Lesson 9: Modeling schemas
The PERA model
-
A PERA data model comprises data-storing types and interface types between them, similar to classes and interfaces in OOP. Interface types serve as abstractions of the dependencies between data-storing types.
-
Entity types are used to represent classes of independent objects.
-
Relation types are used to represent classes of objects dependent on other objects. The dependency of a relation type on another object type is described by an exposed role interface, and an object type that implements it is a roleplayer of that role.
-
Attribute types are used to represent classes of values dependent on objects. Every attribute has a literal value, and the type of this value is determined by the attribute type’s value type. The dependency of an attribute type on an object type is described by an exposed ownership interface, and an object type that implements it is an owner of that attribute type.
-
Entity and relation types can be collectively referred to as object types, as distinct from attribute types. Object types contain objects while attribute types contain values. Only object types can implement interfaces.
-
Entity, relation, and attribute types are collectively referred to as data-storing types, while interface and value types are collectively referred to as data-structuring types. Data-structuring types can only be instantiated indirectly by instantiating data-storing types.
Determining object types
-
The identity of a concept is independent of any properties it has. If two concepts have the same properties but remain different concepts, they have identities. Concepts with identities are generally best categorised as belonging to entity types.
-
Dependencies between entity types are generally best modeled with relation types.

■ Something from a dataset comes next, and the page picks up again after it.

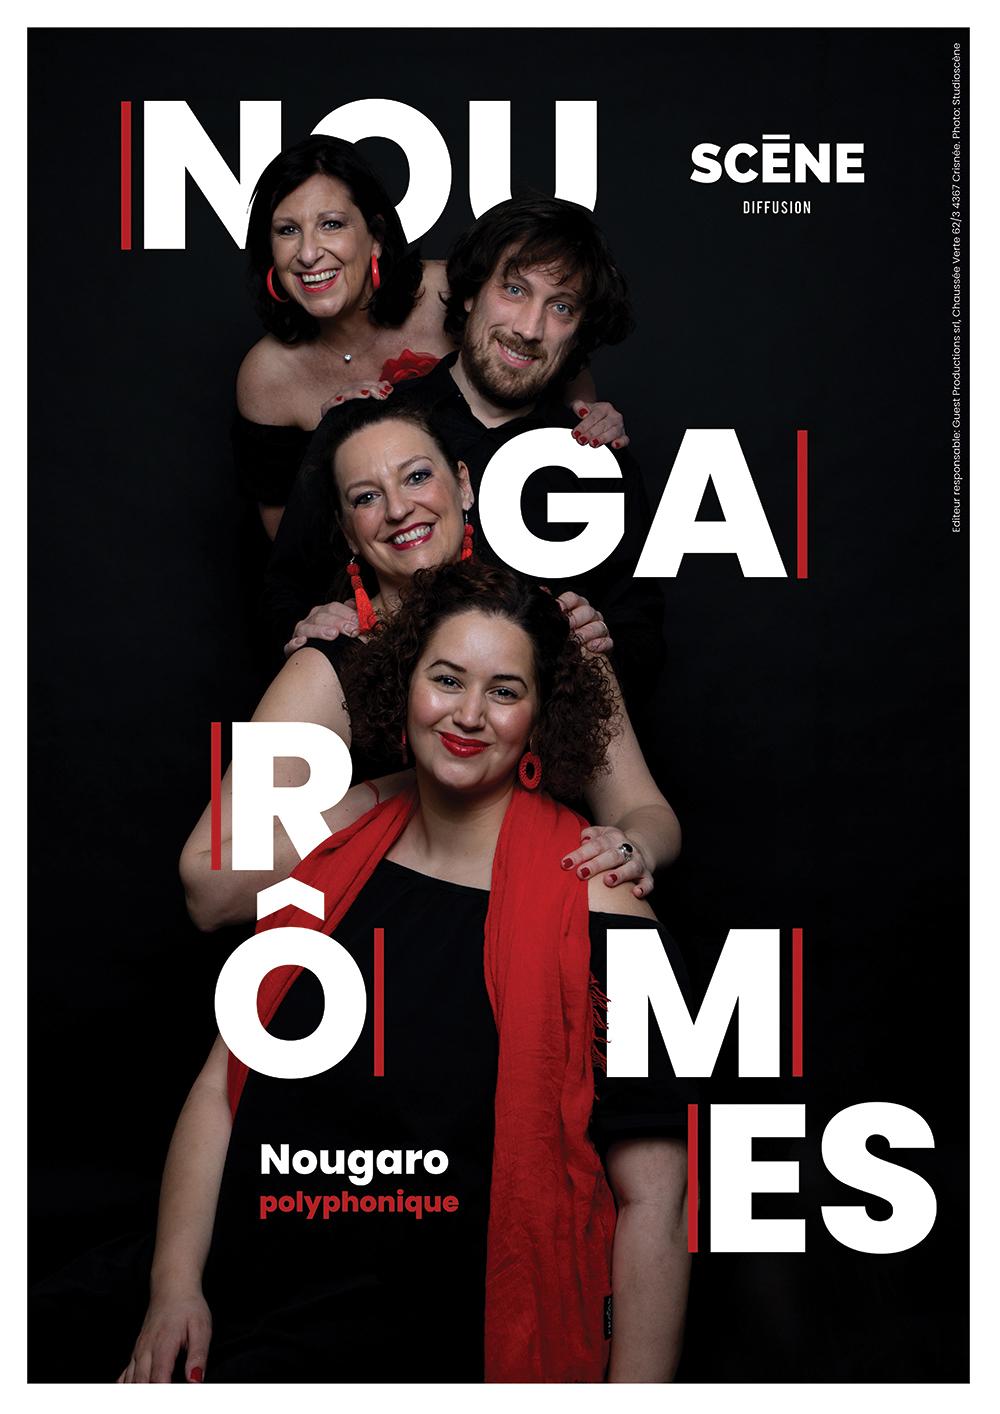 Nougarômes, spectacle d'un groupe liégeois qui revisite les classiques de Claude Nougaro

Avoiding data redundancies
-
In order to prevent data redundancies, there should be no more than one functional dependency between any two types. When dependencies are duplicated, this creates redundancy in the data model, which can lead to data inconsistencies.
Using type hierarchies
-
If a type implements an interface, all its subtypes will inherit the interface implementation, including future supertypes not yet defined.
-
Types can only have a single supertype. The fact the several types exhibit common behaviours is not necessarily an indicator that they are all subtypes of a common supertype. A type should only be considered a subtype of another type if every instance of the subtype is necessarily an instance of the supertype.
-
If a data field always contains exactly one value or is empty, has a small number of possible values, and has other fields that depend on the presence or absence of it, then it is likely the field contains typing information rather than data.
-
Non-abstract supertypes should be used to model general-purpose types, and their subtypes should be used to model specialized variants.
Composition over inheritance
-
A data instance can only have a single type. If a concept displays multiple simultaneous capabilities, then this indicates that the concept should be modeled as a single type implementing multiple interfaces, rather than as multiple types.
Using interface hierarchies
-
Interface types form hierarchies in the same way as data-storing types.
-
If an attribute type has a subtype, then the subtype’s ownership interface is itself a subtype of the supertype’s ownership interface.
-
If a relation type overrides a role of its supertype, then the overriding role interface is a subtype of the role interface it overrides.
-
Inheritance of interface implementations is determined by their variance.
-
In schema definitions,
owns
andplays
statements are covariant in the implementing object type, so the statement also applies to subtypes of the object type by inheritance. Meanwhile, they are invariant in the implemented interface type, so the statement does not also apply to subtypes of the interface type. -
When building a relation type hierarchy, if roleplayers of the relation supertype should also be roleplayers of the relation subtypes, then the relevant role should be inherited. If not, the role should be overridden.
Avoiding interface redundancies
-
Each behaviour should be represented by a single interface. Using two different interfaces to represent the same common behaviour results in model redundancies, preventing the behaviour from being polymorphically queried over.